Friday, September 9, 2011

Nausea notes & questions

As a bit of an experiment, I thought I'd post my notes for Nausea to the blog ahead of the discussion in the eventuality that it might come in handy.  These are the notes I took while reading with just a bit of retrospection, so please pardon the roughness--be sure to reference the text since the quotes are barely snippets.  This is only tip-of-the-iceberg stuff on a novel with incredible depth...

-1st person, diary format: does it work?
-Is this book basically auto-biographical?  To what extent?
-p22: "Some of these days" ... "nothing can interrupt it but all can break it" -- Theme reprised at end of book
-p34 First bout with Self-Taught Man" -is he real or Antoine's imaginary interlocutor/alter-ego?  Later on, when the Corsican punches Self-Taught Man, is Sartre making a metaphor about Antoine's triumph over ego?
-p37 "something is beginning in order to end"... "I like to see that minute pass"  Great!  What is "adventure?"
-p57 Adventure definition (paraphrased): "growing old w/ woman" -element of the passing of time & irretrievability of past.  Connection to Proust?
-p53 another example of lost time (bottom of page)
-p63 Excellent summation of Antoine & Anny, another example of time
-p70 "Must not think too much about the value of history" and "having made love is much better than making it" -do you agree?
-p84 "I had always realized it; I hadn't the right to exist."  p85 (top): "A right is nothing more than the other aspect of duty."  Do you relate/agree?
-p95 "True nature of the present".... at bottom -any connection to nihilism?
-p117 Categorization of humanists.  Why?  Do you agree?  Does this fit the themes of the book or seem out of place?
-p127 Sartre expounds on the nature of existence: does it hide itself?  Can we only see the ephemera and not the thing in itself?  What is "being?"  Why should we be concerned enough to ask these questions?  Related topics: terror management theory, memento mori, the inability of language to capture essence, Heraclitus ("you cannot step into the same river twice")
-p169 What does it mean to "outlive oneself?"
-Is this basically a love story?  With a person?  With existence?  With both?  Or is it a thinly-veiled philosophy book in the guise of fiction?
-Is the ending satisfactory?

I hope everyone enjoyed this book; I certainly did.  Looking forward to the discussion Sunday!

Monday, August 15, 2011

Sartre: Nausea

Great Nathanael West discussion last night--intense--loved it!  Next round: Nausea by Jean-Paul Sartre.  Discussion will be on September 11th at 7 PM.


Winner of the 1964 Nobel Prize for Literature, Jean-Paul Sartre, French philosopher, critic, novelist, and dramatist, holds a position of singular eminence in the world of letters.
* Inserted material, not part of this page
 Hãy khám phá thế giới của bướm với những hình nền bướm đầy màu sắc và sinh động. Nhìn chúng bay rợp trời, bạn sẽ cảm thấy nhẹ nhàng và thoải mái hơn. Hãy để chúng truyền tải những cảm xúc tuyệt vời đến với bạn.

Among readers and critics familiar with the whole of Sartre's work, it is generally recognized that his earliest novel, La Nausee (first published in 1938), is his finest and most significant. It is unquestionably a key novel of the twentieth century and a landmark in Existentialist fiction. Nausea is the story of Antoine Roquentin, a French writer who is horrified at his own existence. In impressionistic, diary form he ruthlessly catalogues his every feeling and sensation. His thoughts culminate in a pervasive, overpowering feeling of nausea which "spreads at the bottom of the viscous puddle, at the bottom of our time--the time of purple suspenders and broken chair seats; it is made of wide, soft instants, spreading at the edge, like an oil stain." Roquentin's efforts to come to terms with life, his philosophical and psychological struggles, give Sartre the opportunity to dramatize the tenets of his Existentialist creed.
--from http://www.booksinc.net/book/9780811217002


Saturday, August 6, 2011

Italo Calvino

Stumbled on this great Italo Calvino resource/depository here awhile back, in both Chinese and English.  I've only read a couple of his books so far, but both (Invisible Cities and T-Zero) were utterly amazing combinations of Borgesian logical proofs and "what if?" mysticism, flights of surrealistic fancy a la Michel Leiris, approachably and impeccably written, words for the inner mind.